L'accord collectif peut dans ce cas, depuis
janvier 2018, être conclu directement avec les salariés, selon une procédure
très simplifiée :
·
Le chef d’entreprise élabore un projet d’accord, qui
peut porter sur tous les thèmes ouverts par le Code du travail à la négociation
collective ;
·
Il communique ce projet d’accord à chacun des salariés
de l’entreprise ;
·
Un délai de 15 jours doit être respecté durant lequel
les salariés peuvent étudier l’accord (il n’y a pas de négociation à proprement
parler)
·
Passé ce délai, une consultation des salariés doit
être organisée sur le projet d’accord en vue de le faire approuver.

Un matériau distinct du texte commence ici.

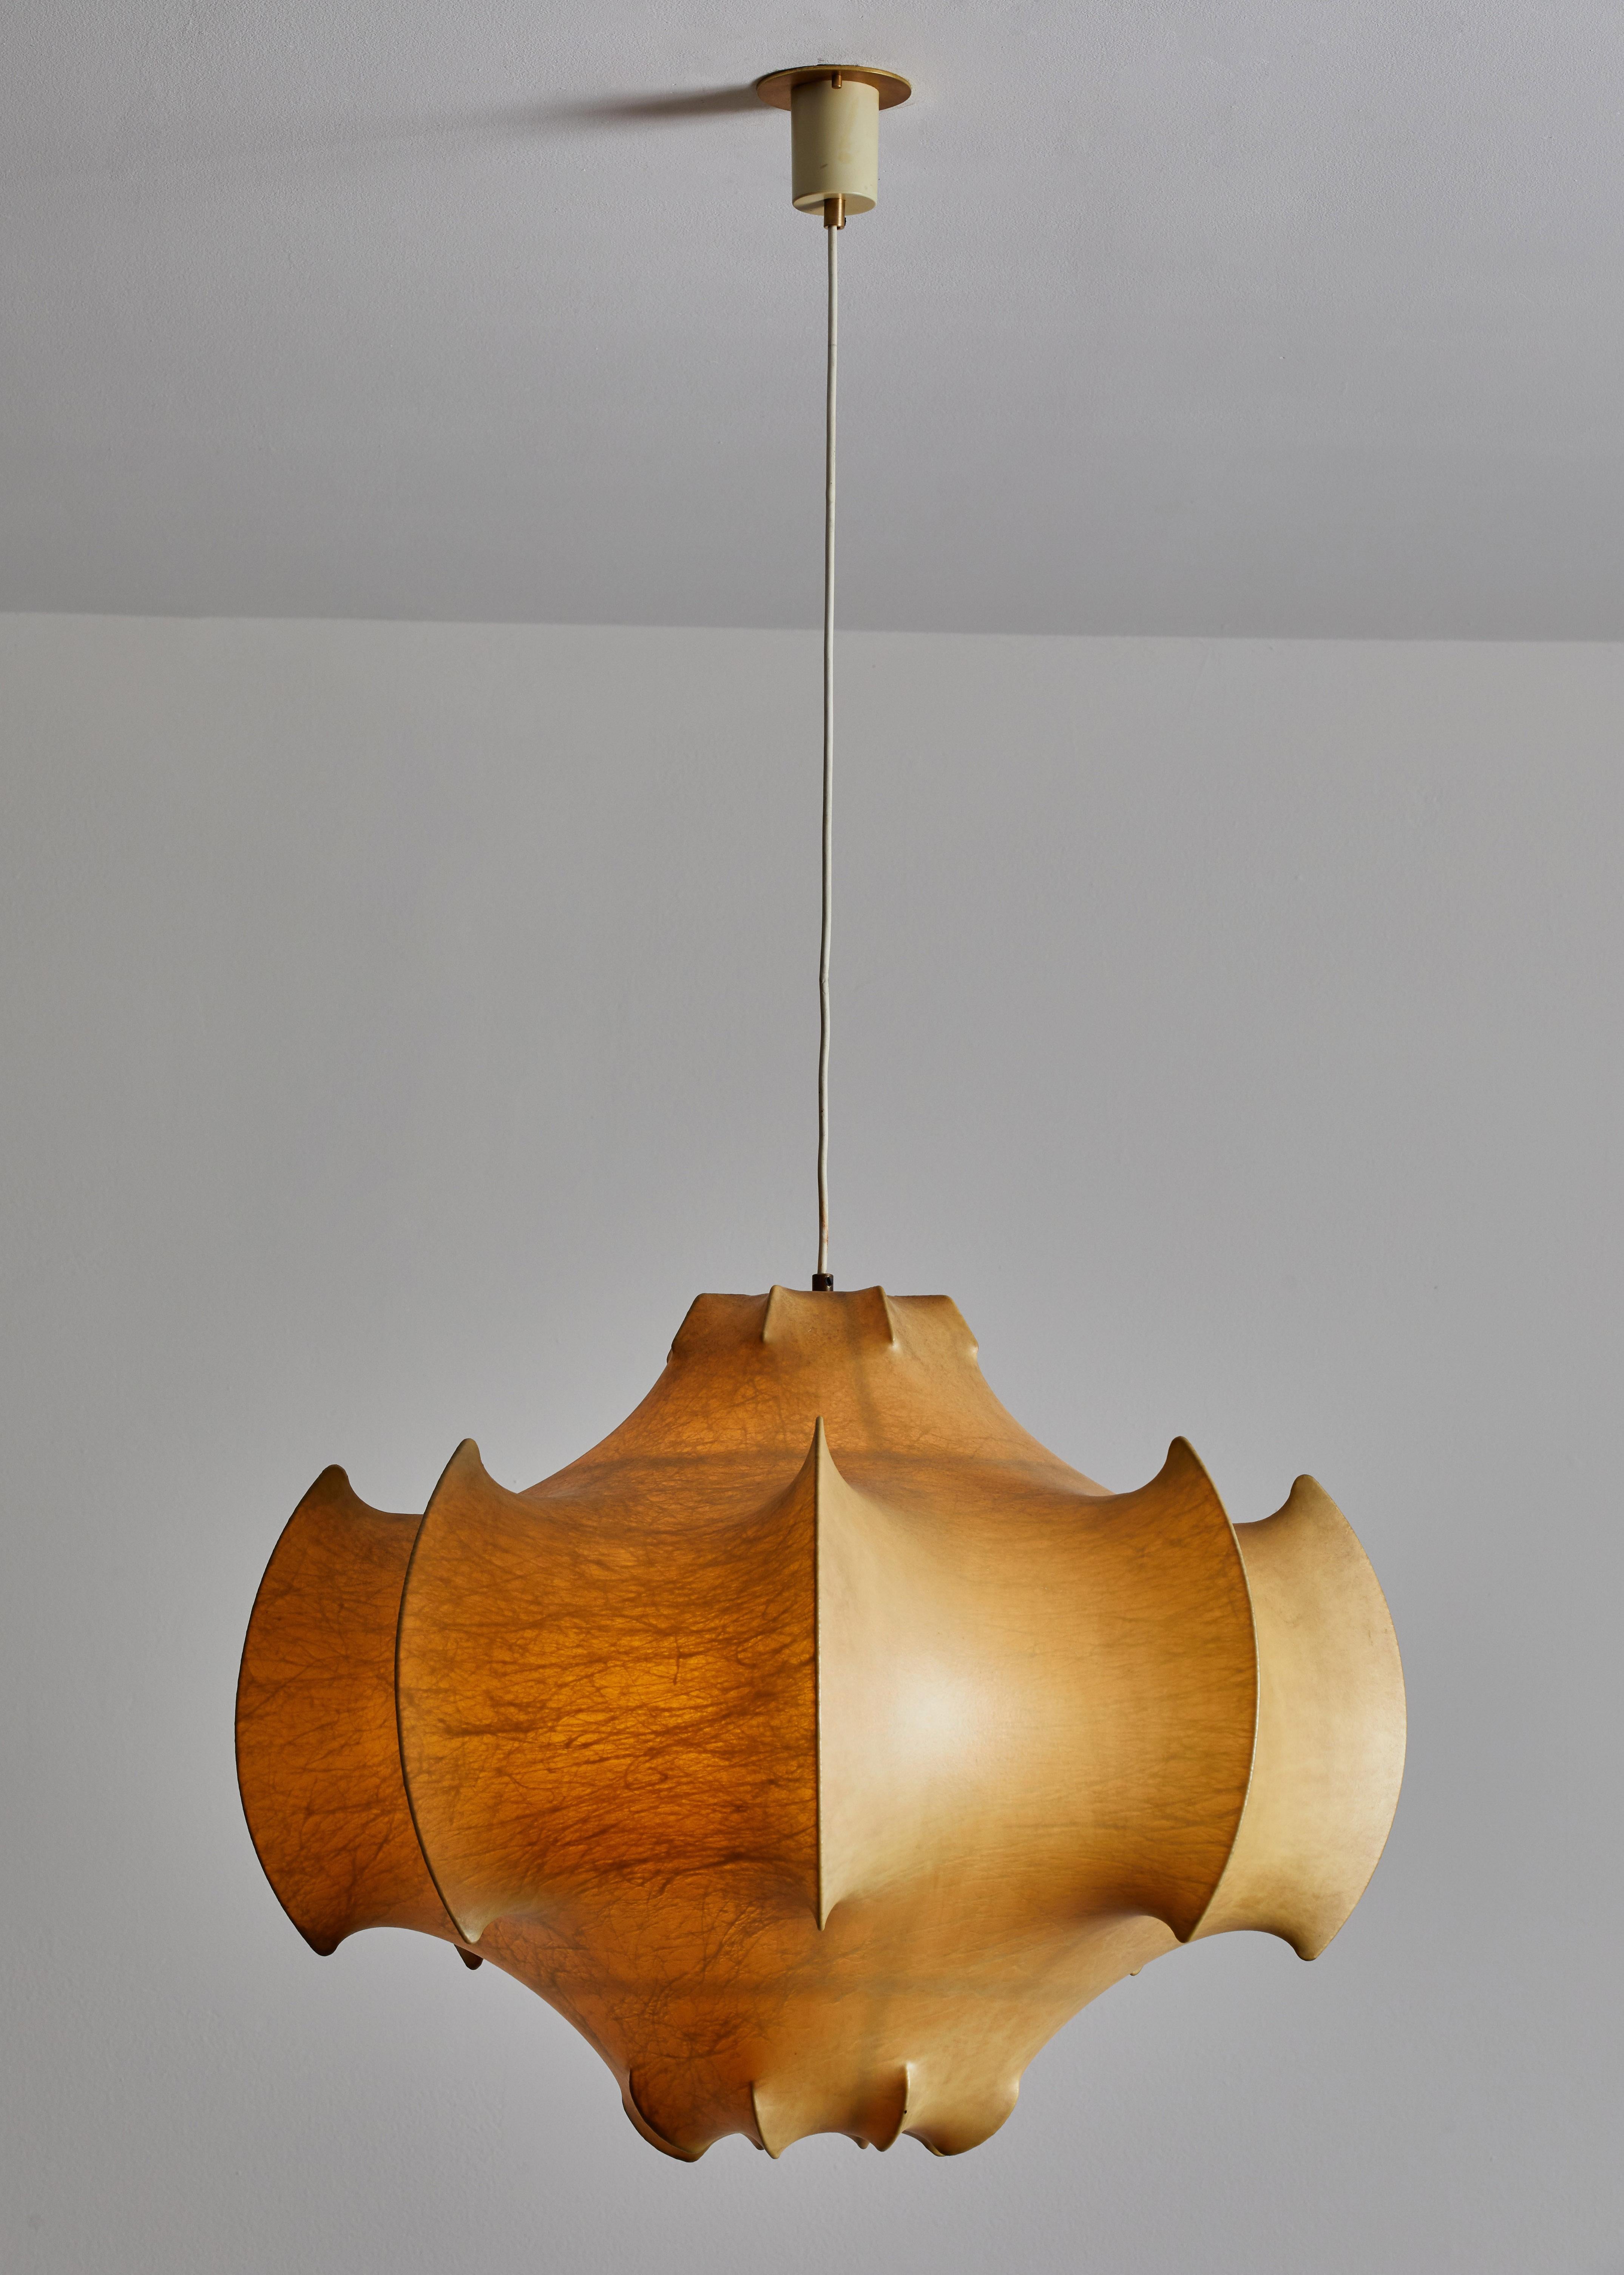 Original Viscontea suspension light by Achille & Pier Giacomo Castiglioni for Flos. Designed and manufactured in Italy, circa 1960s. Plastic polymer resin applied with spraying technique on to enameled iron frame. Rewired for US junction boxes.

Tous les
salariés de l’entreprise sont invités à voter pendant le temps et sur le lieu
de travail. La consultation présente un caractère personnel et secret (donc
anonyme) et se déroule hors de la présence de l’employeur. Un procès-verbal est
dressé consignant le résultat du vote : l’accord est approuvé s’il est
ratifié par une majorité des deux tiers des salariés de l’entreprise. A défaut,
il n’entre pas en vigueur.
S'il est adopté selon ces formes, l'accord en question
a le même régime que l'accord collectif conclu avec un délégué syndical :
il permet notamment de mettre en œuvre toutes les dispositions du Code du
travail qui prévoient des aménagements de la norme légale (annualisation du
temps de travail, forfait jours), ou d'instituer des avantages (primes, congés),
éventuellement différents de ceux prévus par l'accord de branche, sur lesquels
ils primeront.
Ces accords peuvent par la suite être modifiés par
voie de révision, selon la même procédure, ou bien en suivant celle applicable
aux entreprises de plus de 11 salariés ou de plus de 50 salariés si, entre
temps, l'effectif de l'entreprise a augmenté. Ils peuvent aussi être dénoncés
pour y mettre fin, soit par le chef d'entreprise, soit par au moins 2/3 des
salariés, qui devront notifier cette décision à l'employeur un mois avant la
date anniversaire de conclusion de l'accord.
Négocier
dans les entreprises de 11 à 49 salariés
Ces entreprises ne dépassent pas le seuil de 50
salariés à partir duquel peuvent être désignés des délégués syndicaux. Mais
elles ont en principe élu un comité social et économique (CSE).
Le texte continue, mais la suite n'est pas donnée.